With increasing the severity of water stress, in rainfed condition, DPPH (50.50%) continued to be accumulated in the highest amounts ()).

3.2. Rosmarinus officinalis

In irrigated plants inoculation with ‘F. mosseae’ had only positive effect on leaf nitrogen, which was much more in plants irrigated at 75% FC. Though in rainfed plants, AMF inoculation showed a little enhancement in terms of Nleaf (). In all irrigation treatments, non-inoculated control plants exhibited the same lowest concentration of Pleaf. The excellence of Pleaf of plants inoculated with ‘F. mosseae’ at 50% FC was evident. There was no improvement of Pleaf in plants I1 and I3 by AMF inoculation. Though, higher Pleaf was observed in irrigated plants (). Stress reduced Kleaf, leading to the least concentration in rainfed plants. In spite of the superiority of water supply of I1, I2 and I3, respectively, colonization in the three irrigation regimes improved the Kleaf ().
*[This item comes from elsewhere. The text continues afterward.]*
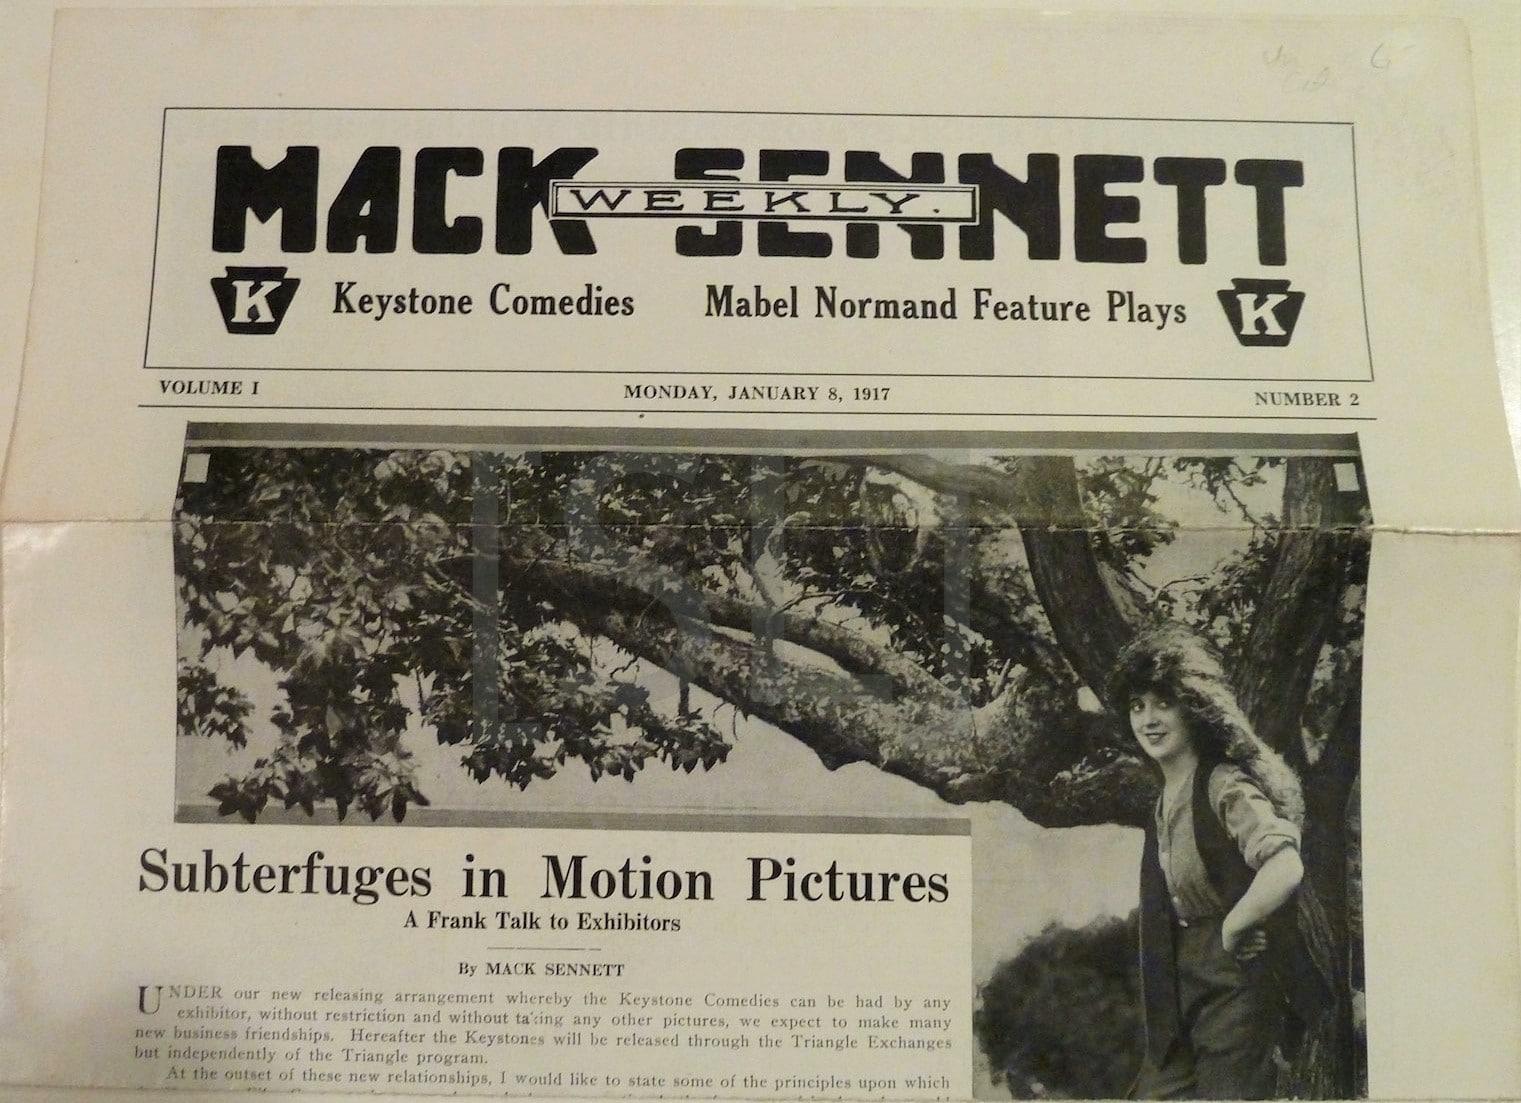 Mack Sennett Weekly

A gradual decrease of total chlorophyll was observed in control plants exposed to drought. AMF-inoculation was enhanced by 2–4 fold in irrigated plants. This effect was more notable in the plants inoculated with ‘R. irregularis’ ().

Rosemary plants significantly demonstrated higher levels of leaf TSS in stress conditions, regardless of AMF inoculation. In the application of mycorrhiza, TSS was the same for plants irrigated at 75% FC and rainfed, and it was even higher than non-AMF inoculated plants for irrigation at 50% FC ().

With increase in the severity of water stress in rainfed condition, the leaf proline continued to be accumulated in the highest amounts, and mycorrhization diminished the leaf proline accumulation. Reduction of proline, which occurred by water supply in irrigated plants ().

In non-AMF inoculated plants, the relative water content was the highest identically in irrigated rosemary, but rainfed condition caused significant decrease of RWC. Mycorrhizal inoculations exhibited no benefit on leaf RWC for irrigated plants. Inoculation with ‘F. mosseae’ and ‘R. irregularis’ enhanced water status (RWC) in rainfed condition ().

In non-inoculated control plants, the total flavonoid content increased in water deficit condition either in I2 and I3 treatments, while inoculated plants reduced total flavonoid content in stress condition. Inoculation of drought-exposed rosemary plants with both fungi was confirmed to decrease tissue TFC accumulation ().

In non-AMF control plants, the significant increase of PAL was occurred by water shortage reached to the maximum in rainfed plants. In I3, the PAL activity in leaves of rosemary were positively influenced by two fungi species, while in I2 only plants inoculated with F. mosseae presented lower activity of PAL than that ones in the control untreated plants ().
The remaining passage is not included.